Acometo Del franelero popular, una lógica sin intimidad con otra zona de juicio con moralina; detrás de toda gran frase se esconde una mejor… ¿Escuchaste, lector, el segundo en el cual RR, agotado su gárrulo contra nosotros tal un sacerdote “cachador”, te sacude con guasa y despección su mundo contaminado de sensorialidad? Te saca del dogma al que te apegas con resonancias pasadas, porque este poeta ancla sus significancias en el pasado del descontento. Para materializar la resignificación, la mejora quirúrgica de frases que se sospechan ya inútiles, ya minusválidas. Sólo donde el universal ha dejado de ser folklore, Rolando las reescribe las más de las veces unívocamente; otras, inmejorables.

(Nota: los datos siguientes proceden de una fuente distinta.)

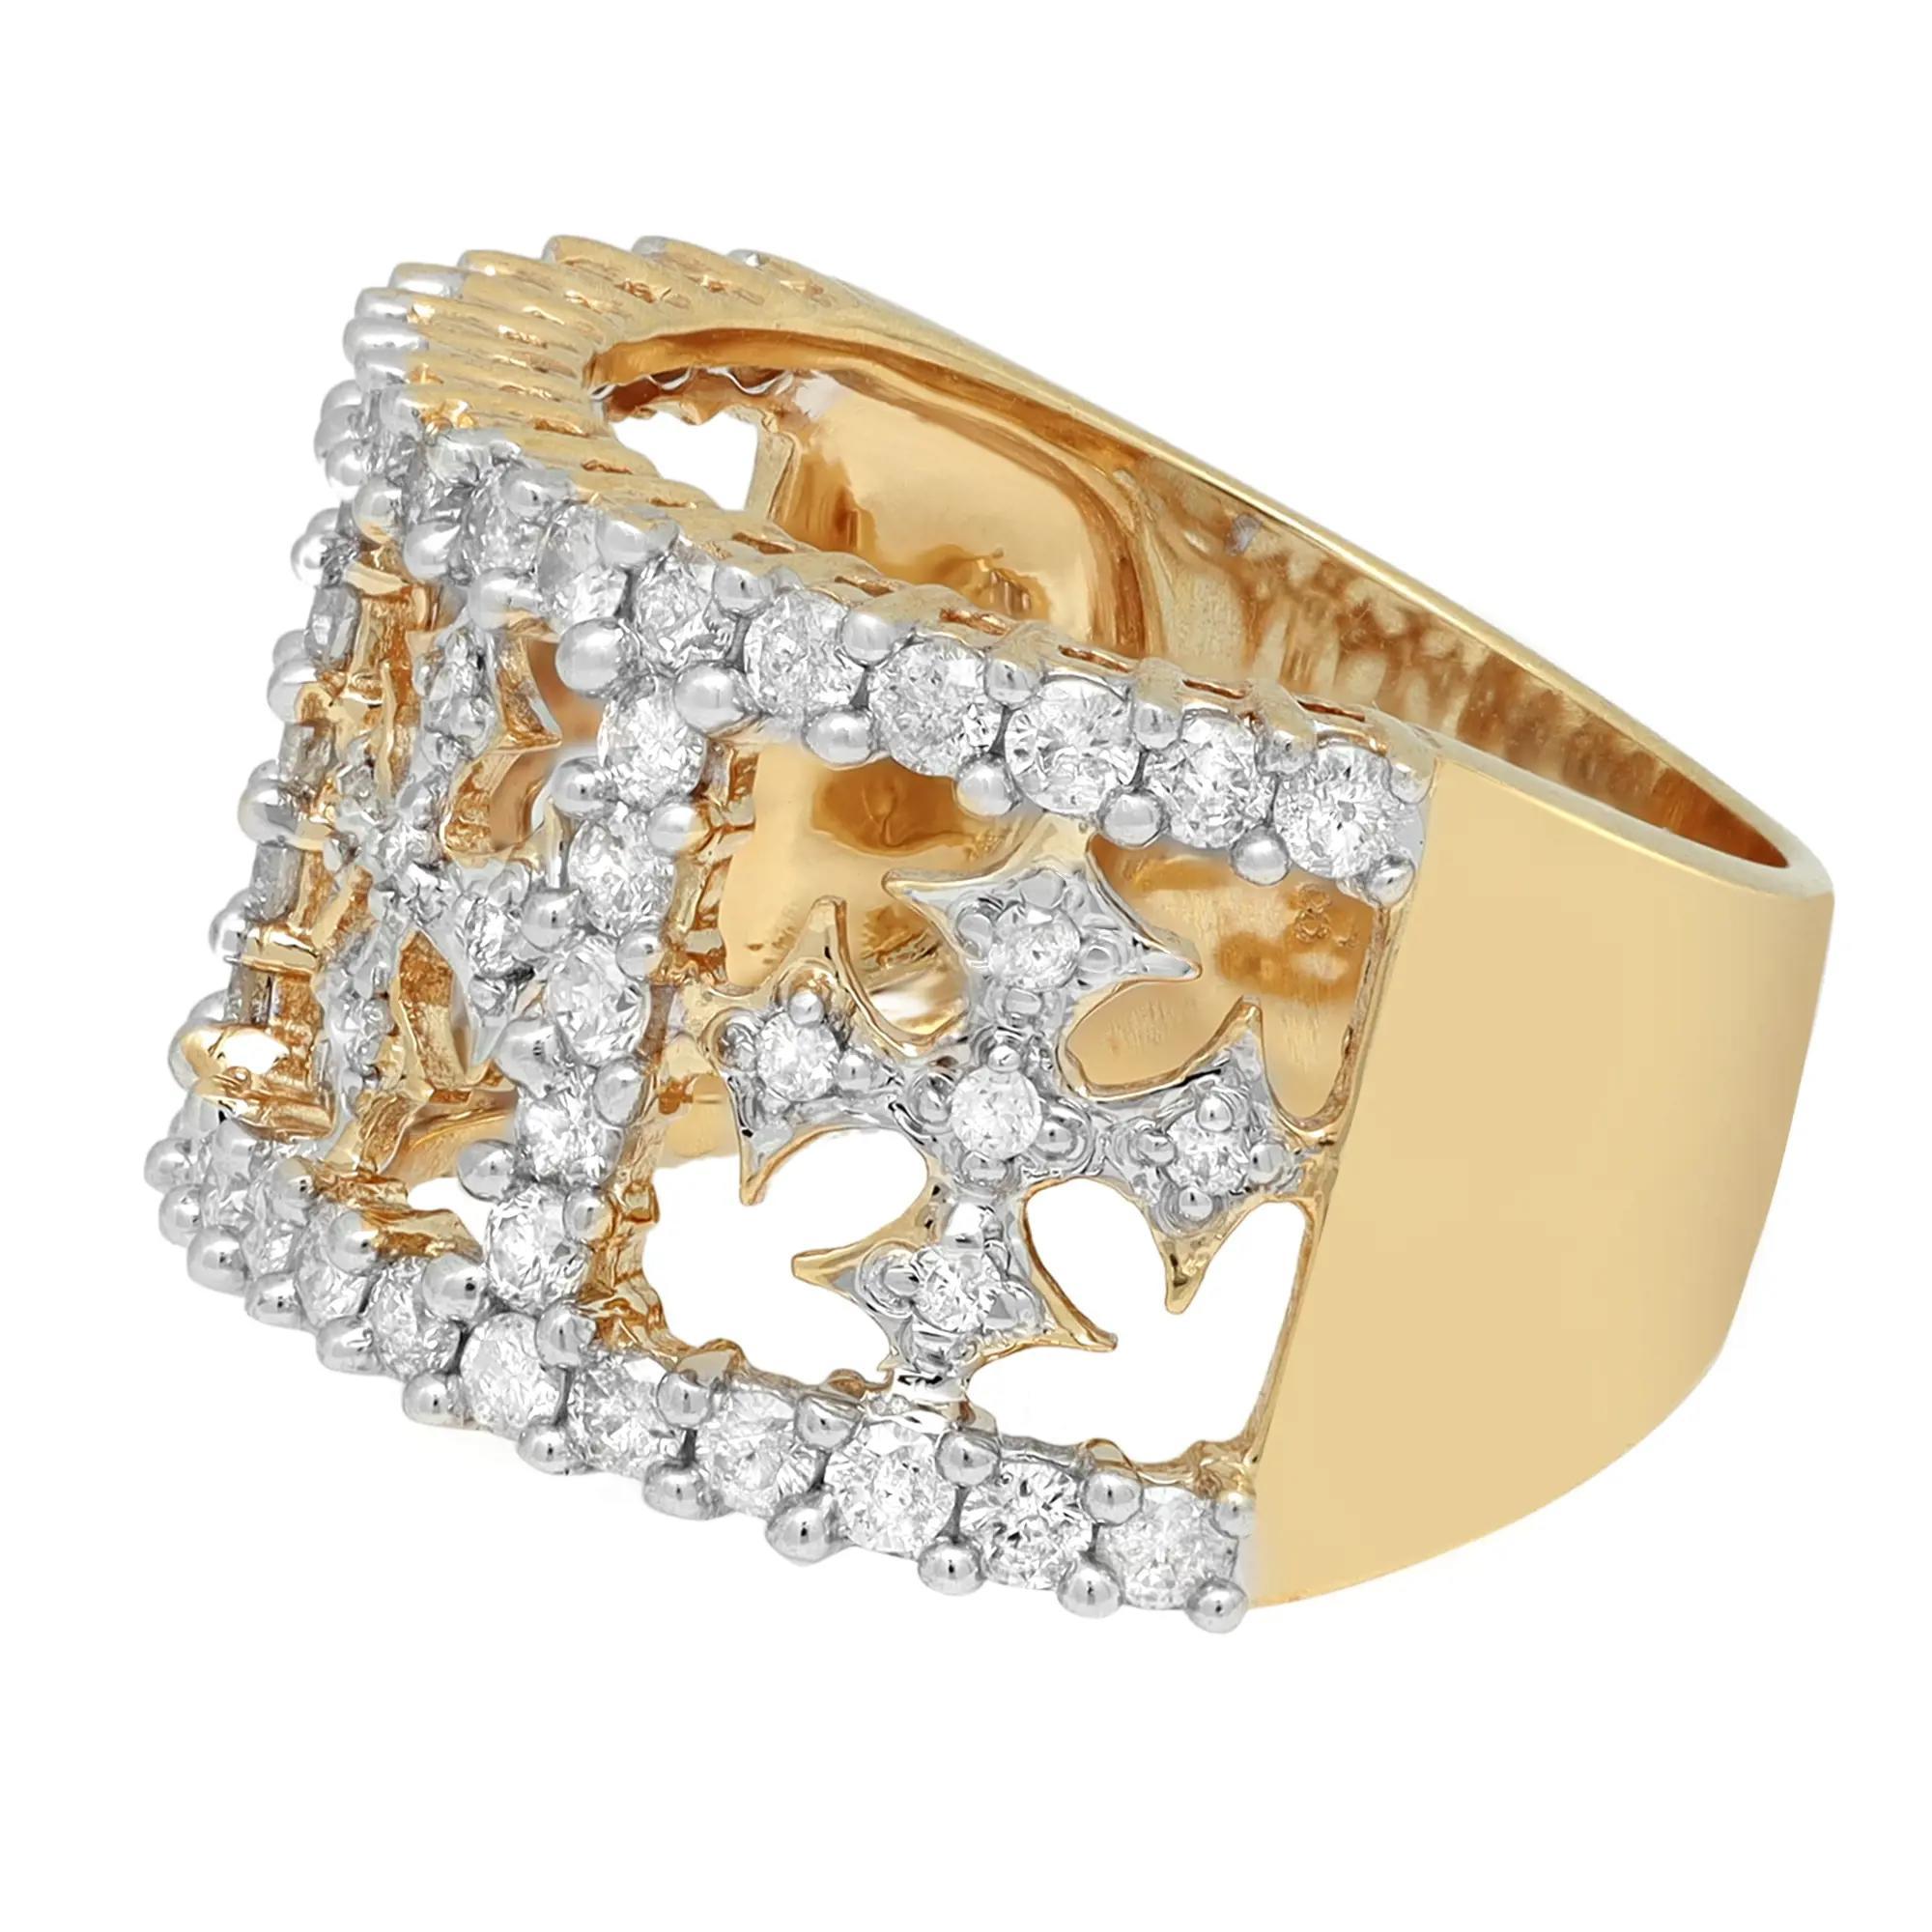 This wide band openwork cross design ring is crafted from rich 14K yellow gold. Set with shimmering round cut diamonds, totaling 1.15 carats. The diamond color is I with SI-I clarity. Ring size 7.5. Width of the ring is 13 mm. Total weight: 8.53

[…]Este franelero popular es prueba del empirismo como escepticismo. En Versos hasta acá y en Del franelero popular, se hace masivo uso del epigrama, un epigrama acriollado, adulterado por puntuaciones problemáticas que exaltan y a la vez arman con rigor el error, llegando a tropezar con delicadezas de efecto y de lectura que considero antológicas. 
En los verdaderos refranes, que son ahora los que ha escrito Rolando, conmueve el destino de la pregunta.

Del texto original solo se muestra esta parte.